Coming to a theater near you
Published October 24, 2019
At the movies
“The Current War: Director’s Cut” is about the corporate battle that pitted Thomas Edison (1847-1931) against George Westinghouse (1846-1914) and Westinghouse associate Nikolai Tesla (Nicholas Hoult). After inventing the first commercially viable light bulb in 1879, Edison (Benedict Cumberbatch) went straight into the electric utility business. His power plants sent DC current to customers. But DC current (unlike AC current) can’t travel more than a mile, making the Edison-type plant only viable in heavily populated areas.

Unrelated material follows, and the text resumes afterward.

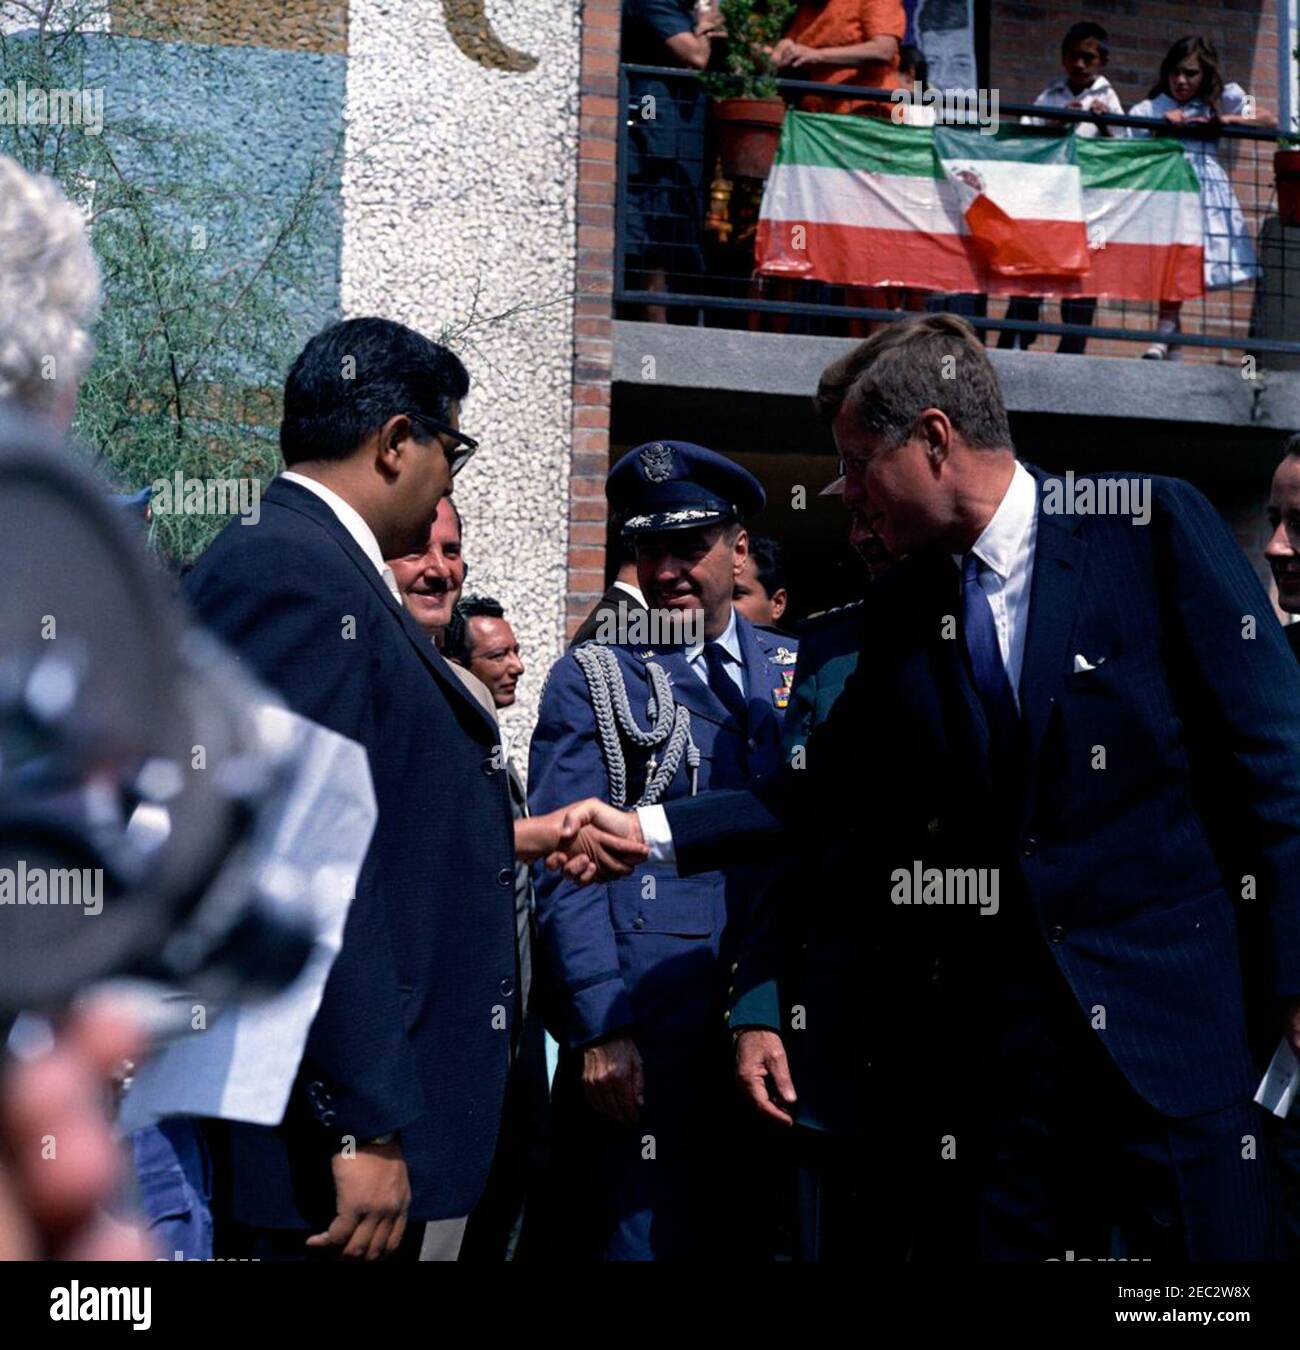 Trip to Mexico: Tour and address at the Independencia Housing Project, 9:35AM. President John F. Kennedy visits with crowds during a tour of the Unidad Independencia (Independencia Housing Project) in Mexico City, Mexico. Standing with President Kennedy: Air Force Aide to President Kennedy, Brigadier General Godfrey T. McHugh; General Cristu00f3bal Guzmu00e1n Cu00e1rdenas; U.S. State Department interpreter, Donald Barnes. Stock Photo

Westinghouse, who invented the first very good railroad brake in 1873, plunged into AC transmission in the 1880s. Utilizing Tesla’s AC motor innovations, he built many AC power plants and entered into a long fight with Edison. Would AC or DC become the dominant form of transmission? (“spoiler”: AC won). This battle was often dirty, and Edison marred his great reputation with false stories about the dangers of AC.

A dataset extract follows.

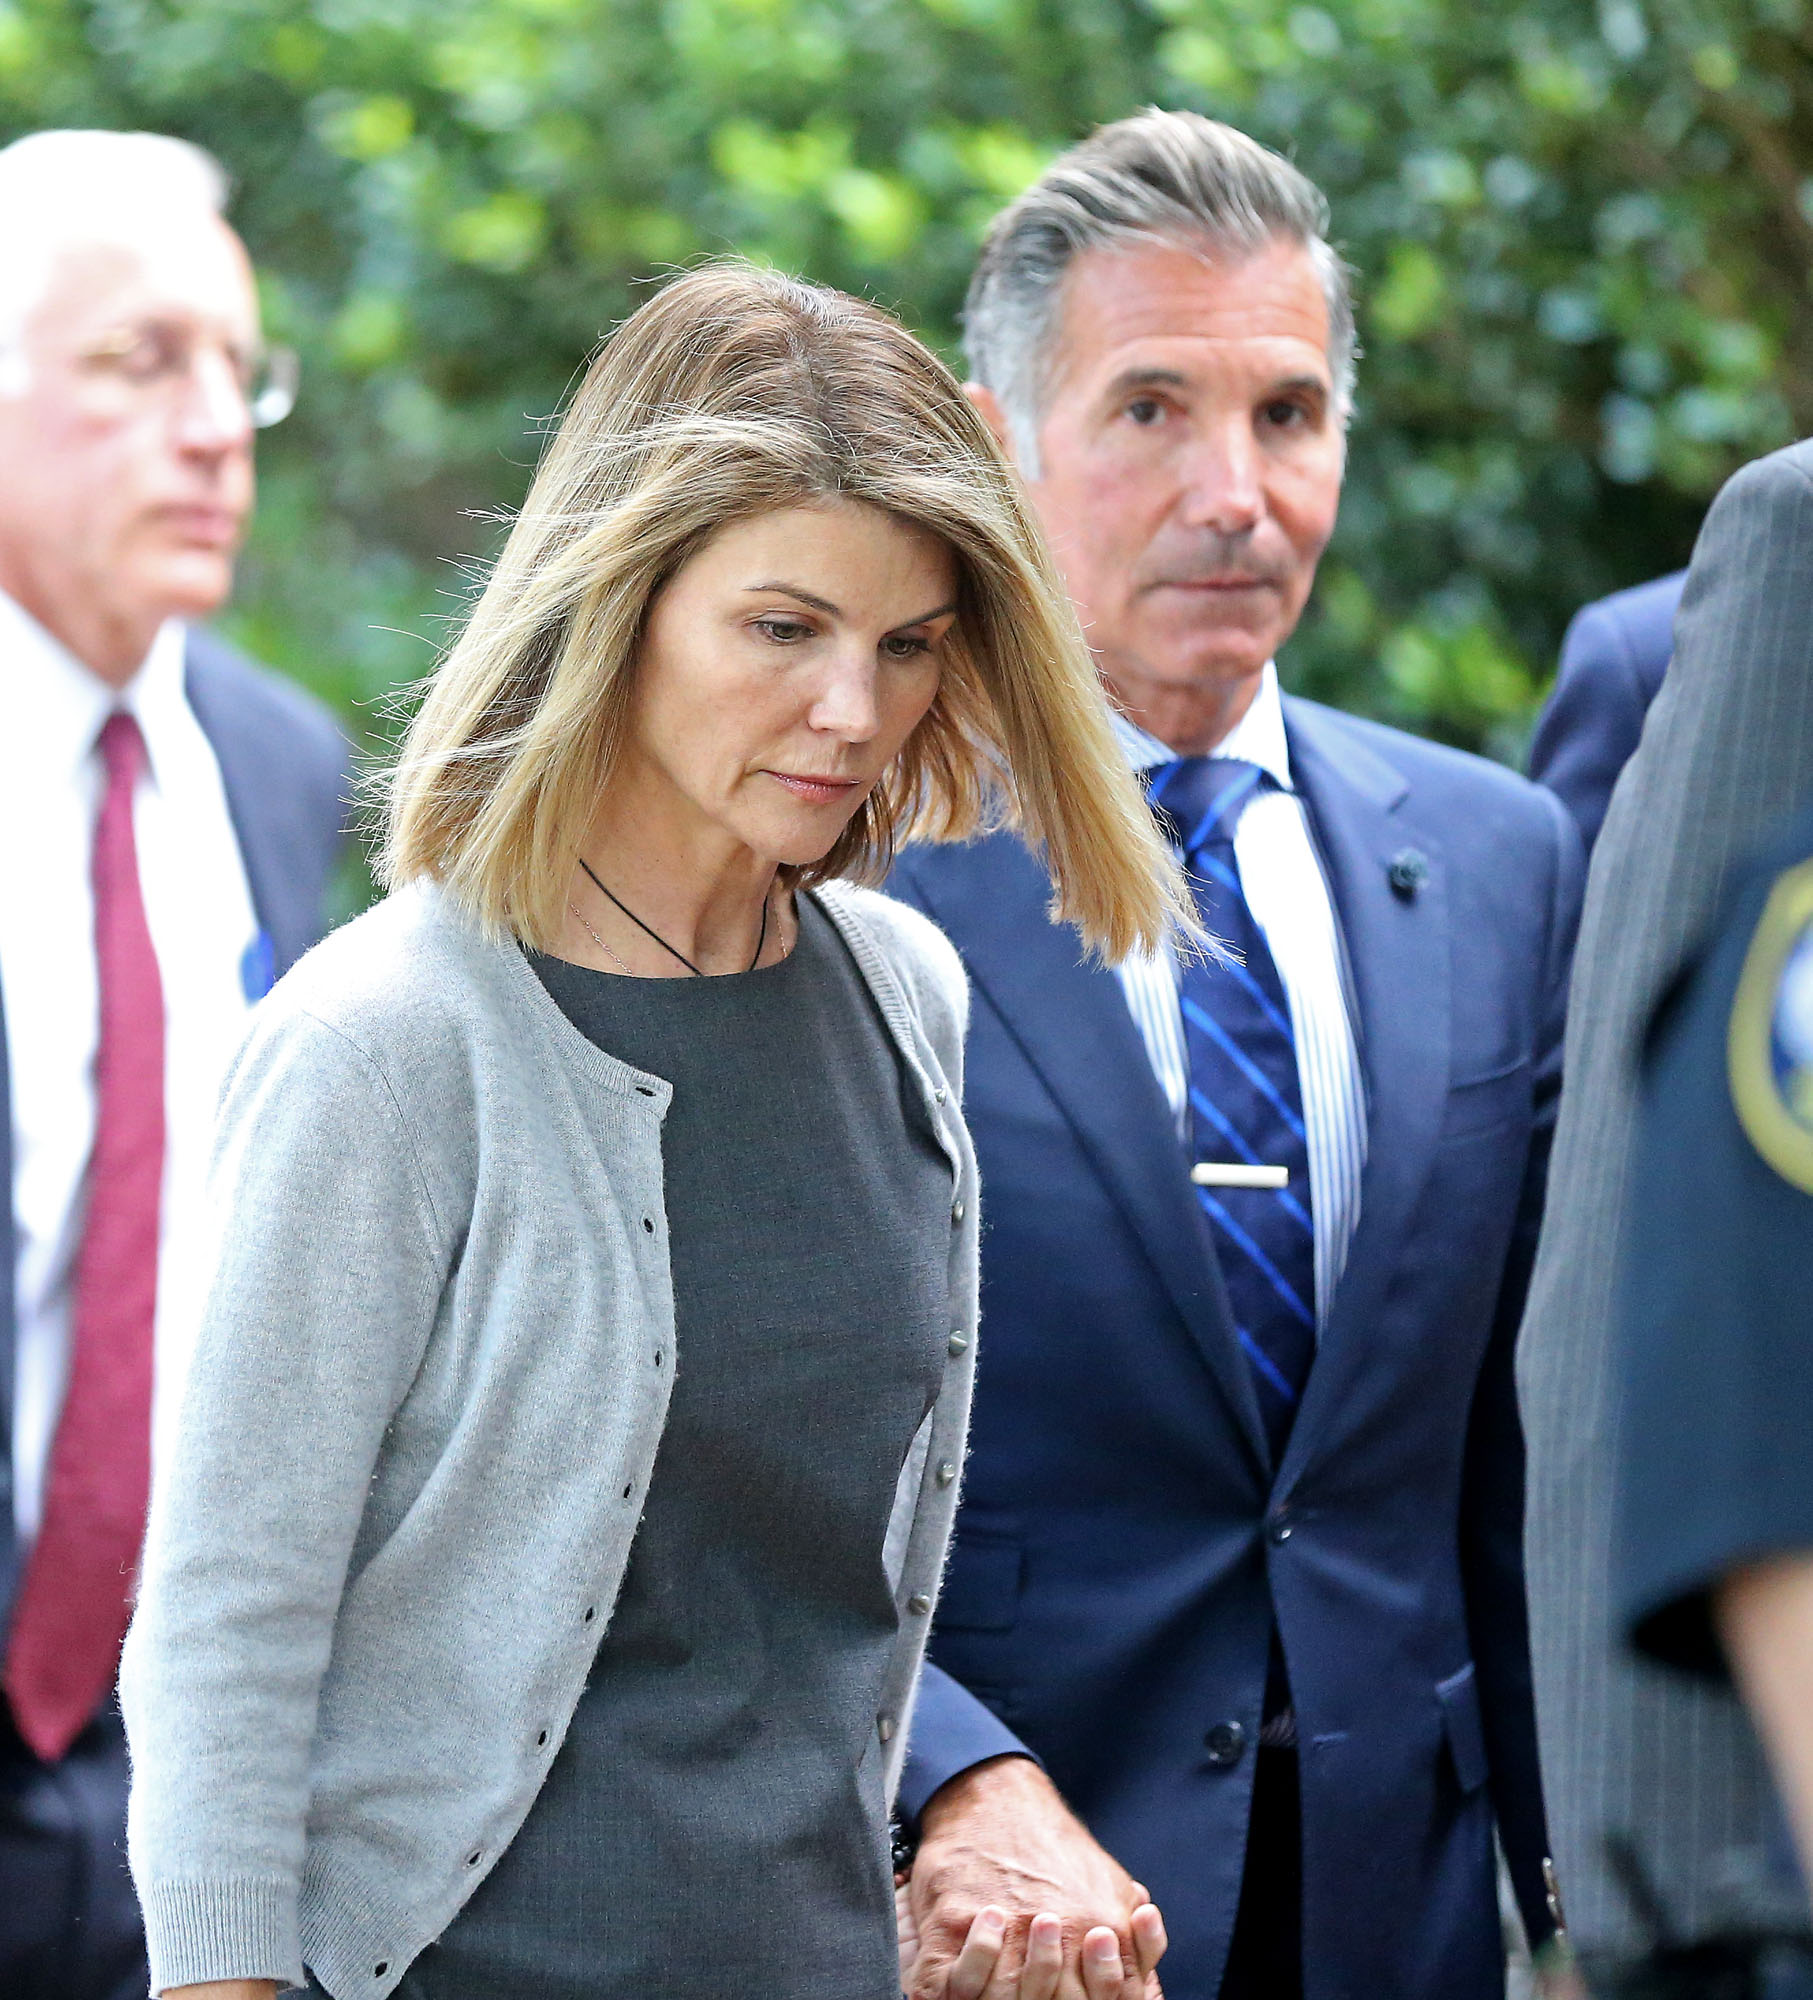 Lori Loughlin and Mossimo Giannulli on August 27, 2019 | Source: Getty Images

The film was written by MICHAEL MITNICK, 36. Most of his credits are as a playwright. His fiancée is JESSICA BRICKMAN. She’s also a writer, mostly for TV. Brickman’s father, MARSHALL BRICKMAN, 80, has worn many hats: folk musician, TV comedy writer, and co-writer of three of the best WOODY ALLEN movies (“Sleeper,” Manhattan,” and “Annie Hall.” He shared a best screenplay Oscar with Allen for “Annie Hall”). The film opens locally on Oct. 25 at the Landmark Plaza Frontenac Cinema.

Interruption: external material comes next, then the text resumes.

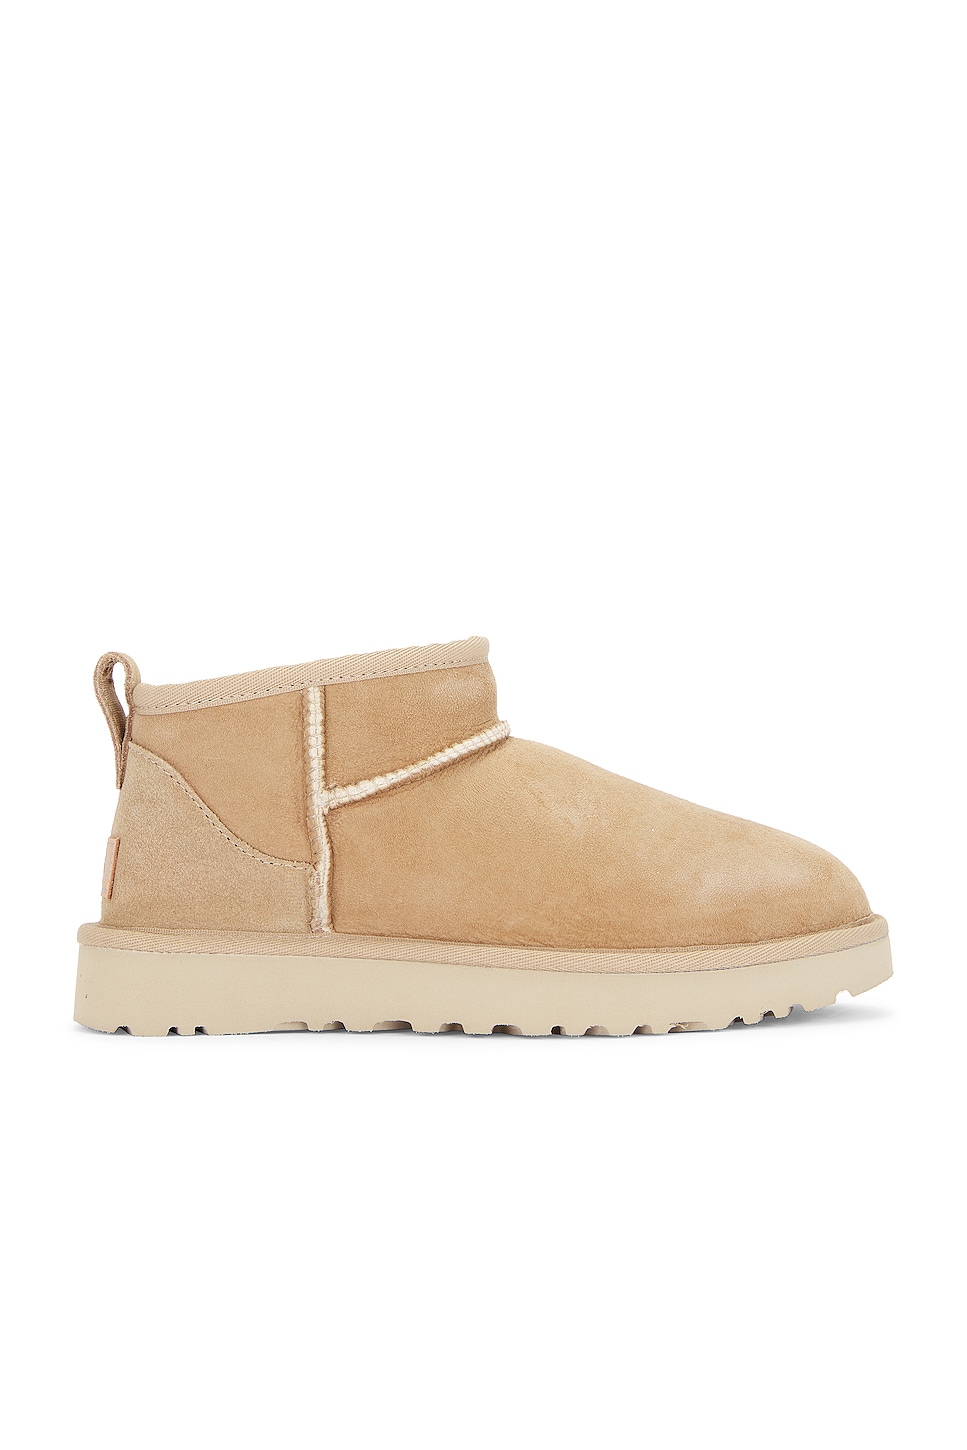 Image 1 of UGG Classic Ultra Mini Boot in Sand

“Jo Jo Rabbit” opens in St. Louis on Nov. 1. This is a controversial film and you should read long reviews before seeing it (see ours in next week’s Light). JoJo, a lonely boy in Nazi Germany, has Hitler as his imaginary friend. Jo Jo has grow-up on Nazi propaganda and his imaginary friend is a wonderful guy. Then his world turns upside down when he discovers his mother (SCARLETT JOHANSSON, 34) is hiding a Jewish girl. JoJo has to reconcile his “friend” Hitler with the reality in his own home. Director and writer TAIKA WAITITI, 44, is a New Zealander who has made good movies in many genres. Waititi (who plays Hitler in the film) is the son of a Polynesian (Maori) father, and a mother he has long and often described as Jewish. I recently learned that his mother is the daughter of a Jewish father and a non-Jewish mother. But my sense is that she identifies as Jewish and Waititi, while secular, thinks of himself as “half-Jewish.”
“The Irishman,” a Martin Scorsese film, opens in limited theater release on Nov. 1. Netflix financed this expensive film and it will begin streaming on Netflix on Nov. 27. It has received uniform great advance reviews and if you have a chance to see a big-screen theater showing: go. It’s based on a memoir by Frank “The Irishman” Sheehan (Robert DeNiro). He claimed to have killed Jimmy Hoffa (Al Pacino). HARVEY KEITEL, 80, plays Mafia chieftain Angelo Bruno. Keitel has made four films with Scorsese, including the star role in the director’s film debut, “Who’s That Knocking at My Door” (1967).
Briefly noted
The second, eight-episode season of the hit Netflix comedy series “The Kominsky Method” begins streaming on Oct. 25. It stars MICHAEL DOUGLAS, 75, as Sandy Kominsky, a Hollywood acting coach. ALAN ARKIN, 85, co-stars as Norman, his best friend and agent. LISA EDELSTEIN, 53, has a supporting role as Norman’s drug-addled daughter.
At the end of the first season, Sandy started getting romantic with Lisa, an acting student (played by Nancy Travis, 58. She’s not Jewish, but her two sons were raised in their father’s Jewish faith). Second season “new Jewish faces” include PAUL REISER, 63, as Martin, a teacher who is dating Sandy’s much younger daughter, and JANE SEYMOUR, 68, as Madelyn, an old flame of Norman’s who runs into him at a funeral and lights a fire in this widower. (Seymour was born Joyce Frankenberg, the daughter of a British Jewish father and a non-Jewish Dutch mother.)